How Does an "Edge" Dissapear?

I’ve read here and there where people have said that over time, any edge that someone discovers will disappear.

Now some of these people are paranoid types that think that your method of trading gets taken advantage of or sold by your broker once they identify you as a winning trader. That type of conspiracy theory nonsense is not what I’m talking about.

I’m referring to the idea that “the market” somehow reacts to what you are doing in a way that eliminates your system’s advantage.

Is this true?

Also, if your participation in the market generates the conditions to which the market reacts in order to erase your edge, couldn’t you overcome such an obstacle simply by randomly taking a day/week/month off and not applying your edge? It would seem that such moves would make it impossible for the market to adapt to your edge if you are removing it from the mix entirely. In fact, if your edge was significant enough to be reacted to, the absence of it being applied would in and of itself be a source of confusion to market dynamics, wouldn’t it?

Think of it like the Hawaiian Islands. They are sitting in the middle of the ocean taking up space, if they all of a sudden disappeared leaving a gaping hole in the ocean, the surrounding water would fill that hole within seconds and cause chaos because its absence was unexpected. If the islands then immediately reappeared out of nowhere 5 days later and quickly displaced the water, this too would create a distinct disturbance.

Scaled down to the original idea of an “edge” being present in the market, if it was there and being adapted to and then all of a sudden it wasn’t there, this would create a local disturbance for whoever was adapting to the edge. I’m guessing that if the market has a natural pattern of finding and eliminating someone’s edge, it doesn’t do so as quickly as water filling a gaping hole in the ocean. It would take more time.

So when an edge is present, the market goes to work isolating and eliminating it. But if the stimulus was removed prior to this being achieved, the LACK of the edge to which the market was applying “pressure” could cause the market to react (on some small scale) in a chaotic fashion to the stimulus being removed.

Of course, one could argue that the actual disappearing and reappearing of the edge in the market then could be considered ITSELF a pattern - unless such disturbances were injected at random and extended for a random period of time. Thus you could stop working your edge for one day every month and then every three or four months extend that to three or four or five days instead of one.

Am I thinking about this correctly? Is there a flaw in the logic? Or is the idea that anyone’s edge gets quickly negated just more baseless negative thinking which can be better explained by individual trader’s discipline breaking down over time with the negative results being falsely attributed to the “edge” being neutralized?

Edges go away for two primary reasons.
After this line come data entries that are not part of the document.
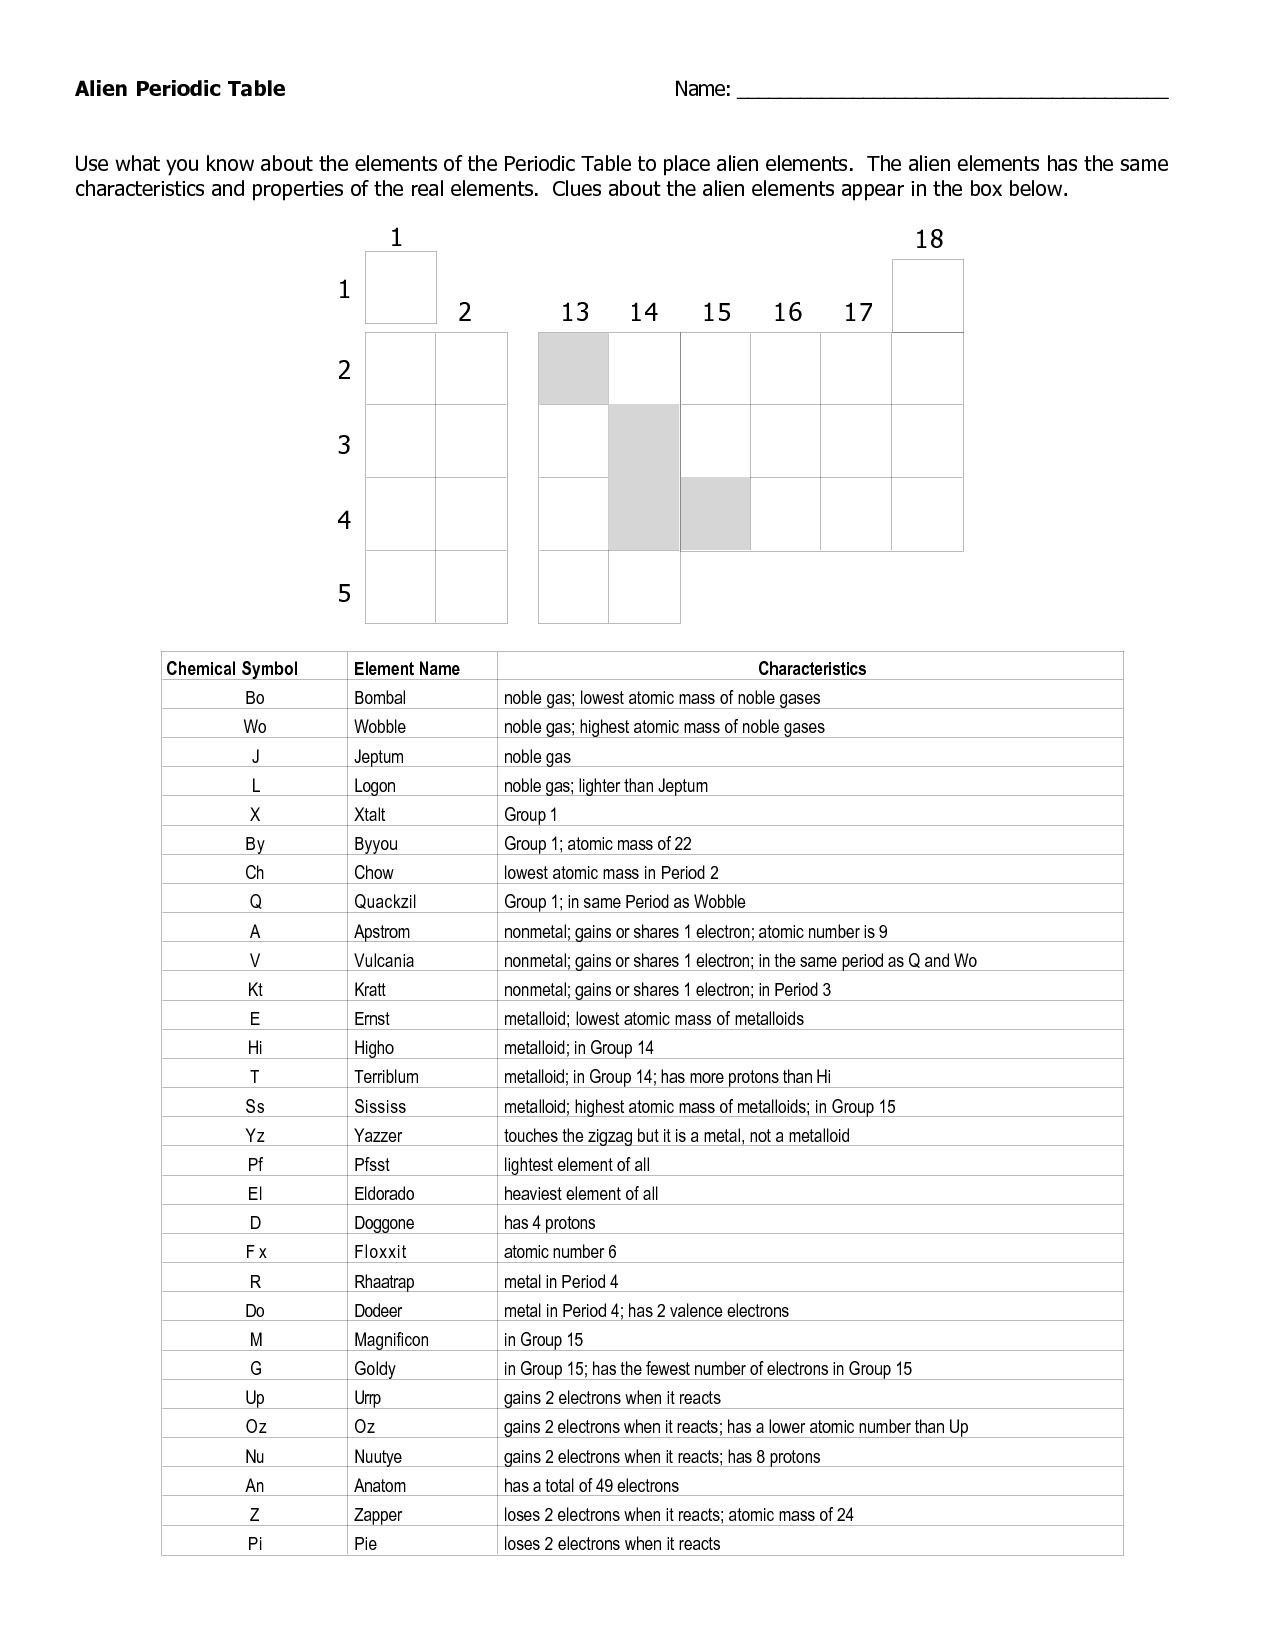 12-best-images-of-periodic-table-worksheets-pdf-white-periodic-table-periodic-table-trends
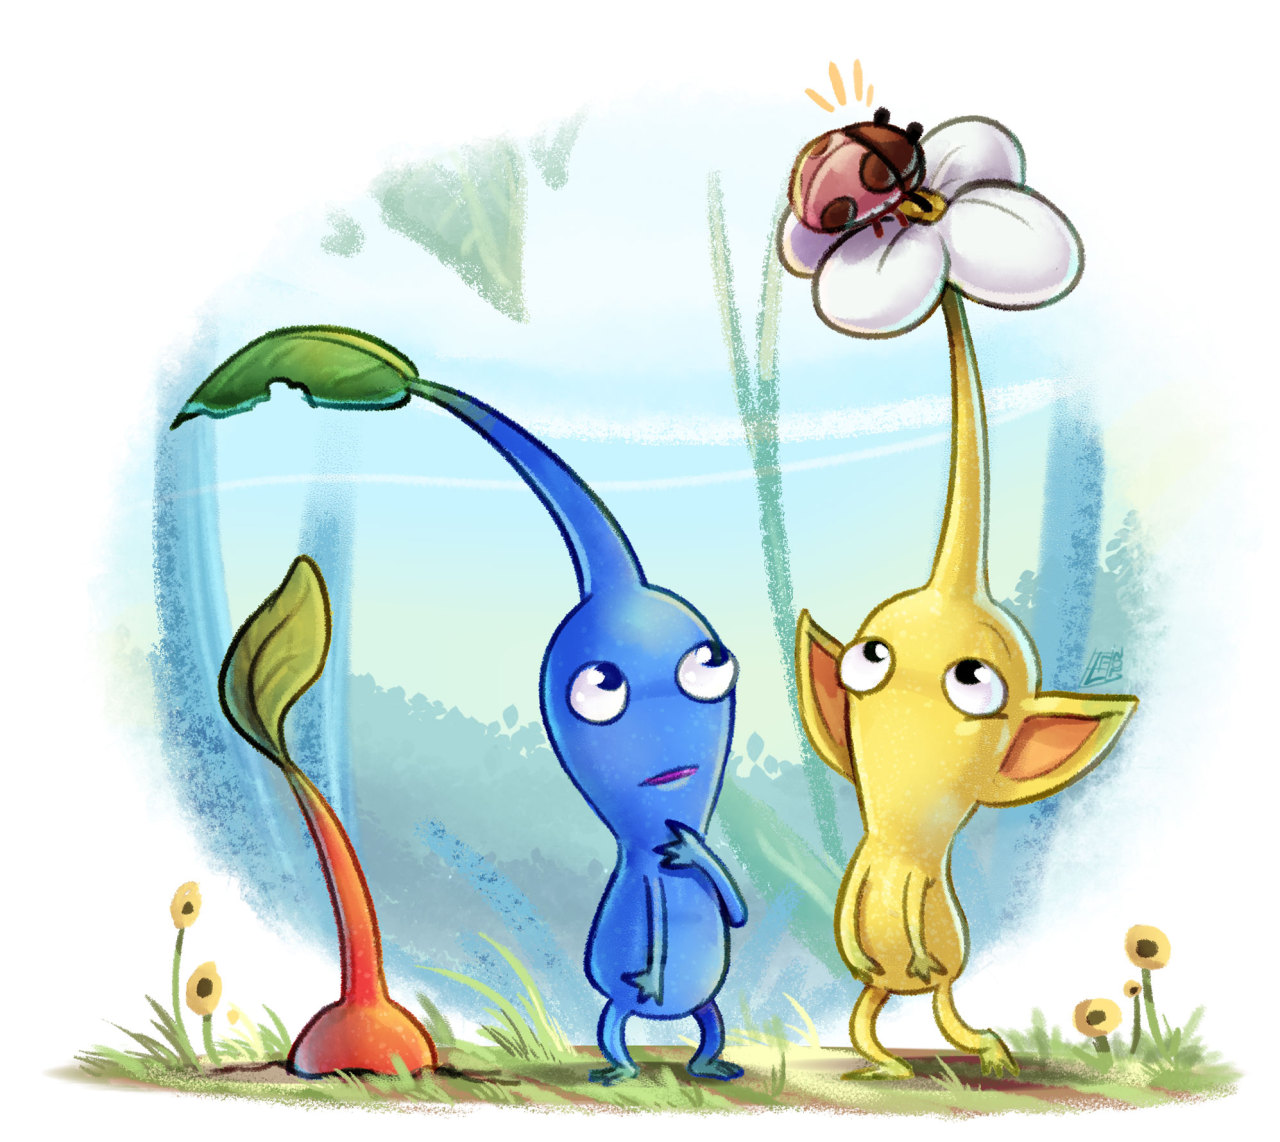 With Pikmin’s 20th anniversary and the release of Pikmin Bloom, I wanted to draw a little something.
Man, times flies so fast. Pikmin doesn’t have a lot of games, but they’re really good ones.
Pikmin © Nintendo
Artwork made by me.
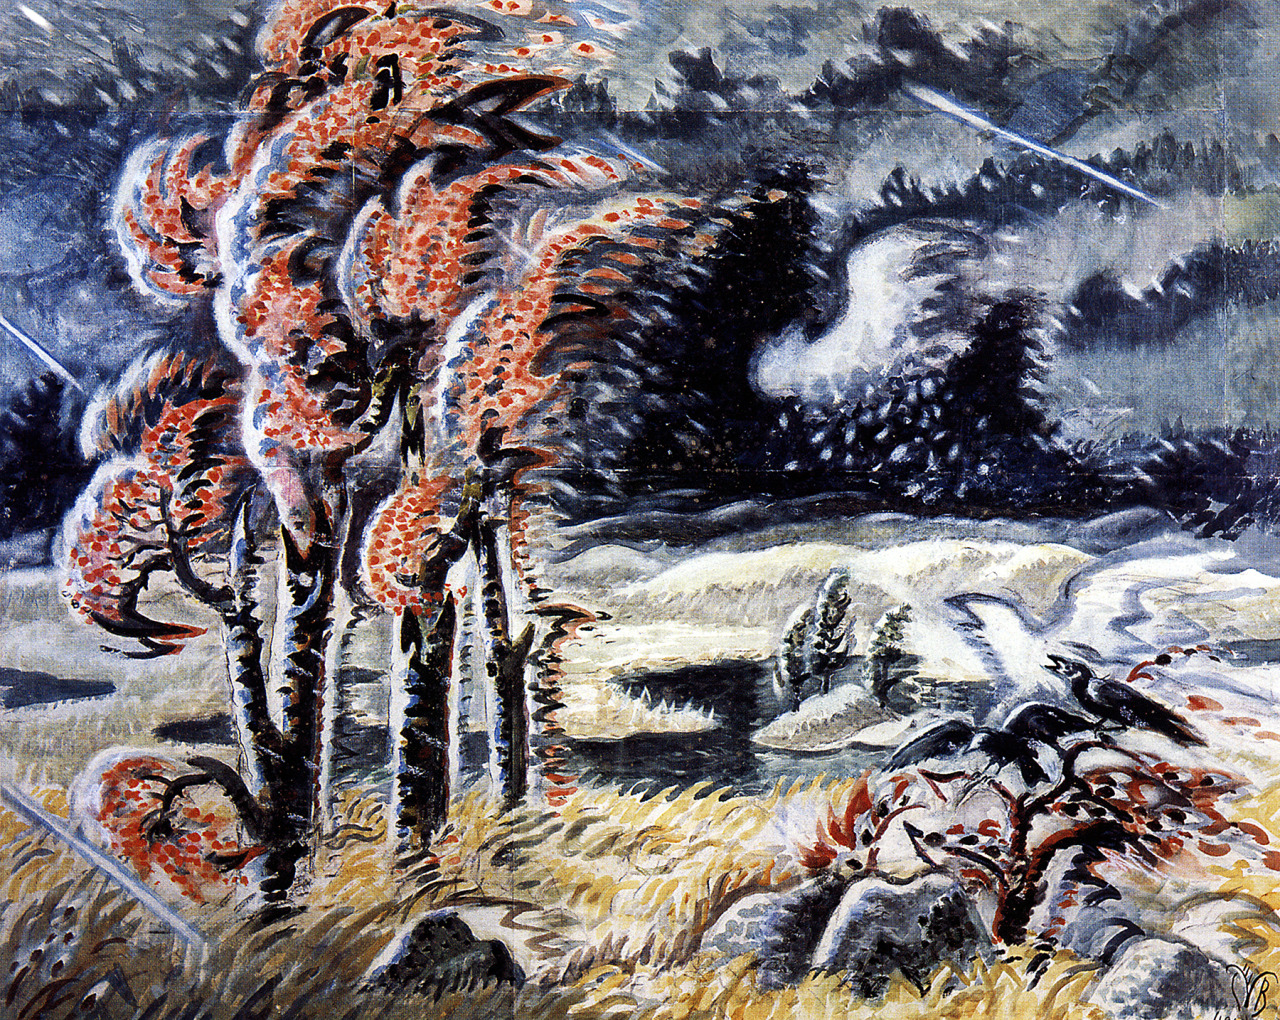 peira:
“Charles Burchfield: Northwind in March (1960-1966) watercolor
”

One is that enough traders (read volume) identifies the pattern being traded and eventually causes it to change in some fashion. For example, if too many folks anticipate a trend following a break-out they will jump in on the break, but then leave a lack of follow-on traders to extend the trend, so the break-out fails.

The other reason is that the market goes through a kind of structural change. This is often driven by some fundamental factor. For example, mean-reversion types of strategies worked quite well in the middle 2000s, but got blown apart when volatility expanded during the financial crisis.
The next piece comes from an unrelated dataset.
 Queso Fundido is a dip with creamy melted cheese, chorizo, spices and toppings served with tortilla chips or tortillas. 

I think market manipulation is more logic than your theory. How can your broker know wich TF you are watching or the indicator you are usin, or the lines you are drawing, they must hack in you computer. Maybe they can track your winning trades and try to relate it to certain patterns (technical, fundamental and so on) but they might not be same as you are watching, they can make a copy trade but the copier would have some seconds of difference and it is no more and edge for the copier. Why would a broker sell a strategy if they can much more manipulating spreads and prices and who would buy these strategies? I think it would be more profitable if after they identified you as a succesful trader copy you and trade with their own account with the information you provide.

This is the type of thing that I would worry about as well. Not just from a broker though…from anyone. People like to go on and on about how the FX market is so big and so liquid…but the fact of the matter is that there is only so much liquidity available at any particular instant of time. If a broker (or anyone else) knew your exact strategy, then you might all be able to get in at the same time, but they might set their T/P 1 pip lower than you and thus eat up all the liquidity one second or so before you look to exit.
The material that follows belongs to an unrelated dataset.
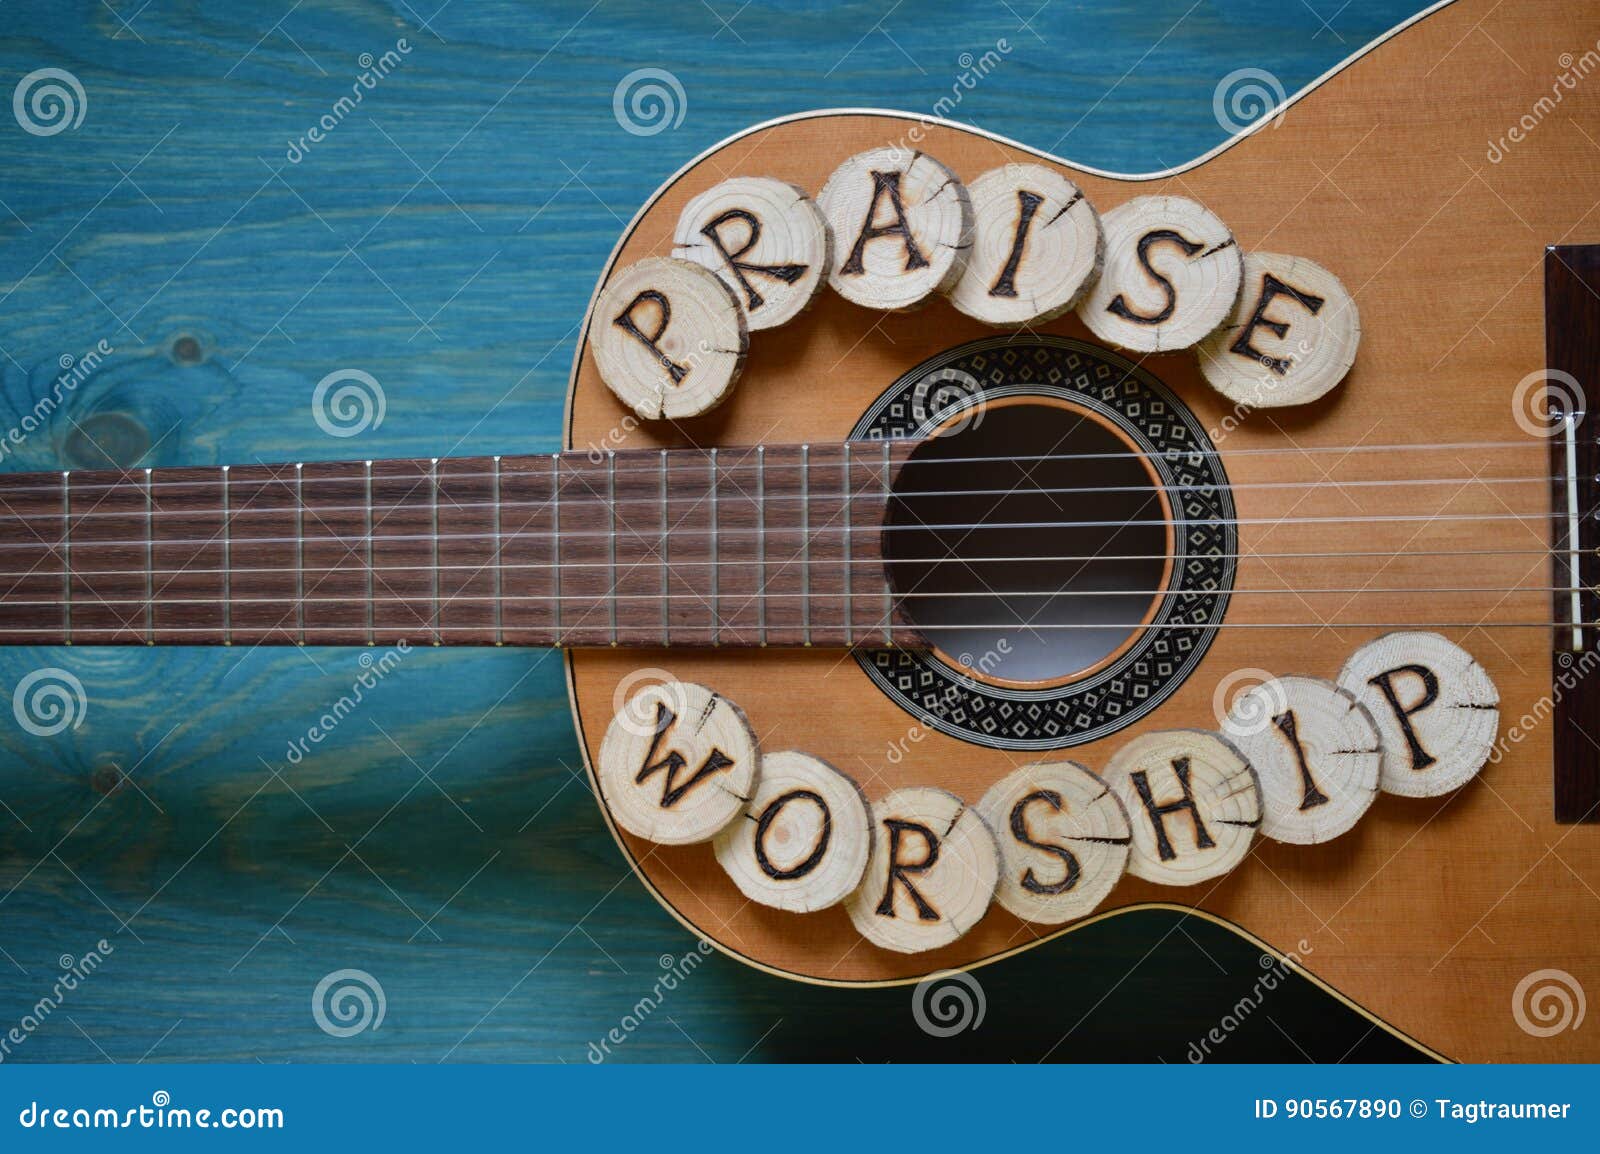 guitar on wood with words: praise and worship

Maybe I’m just being paranoid though.

Just a little. But if they can track down my system, eventhought it is stupidly simple, they deserve a BIG price.

Take a look at this video i’ve found on youtube:

This is why, as a trader, you are always learning, always experimenting, and always evolving your edge, and sometimes even using multiple strategies; this way, if one strategy starts failing, the others might keep you in the black overall.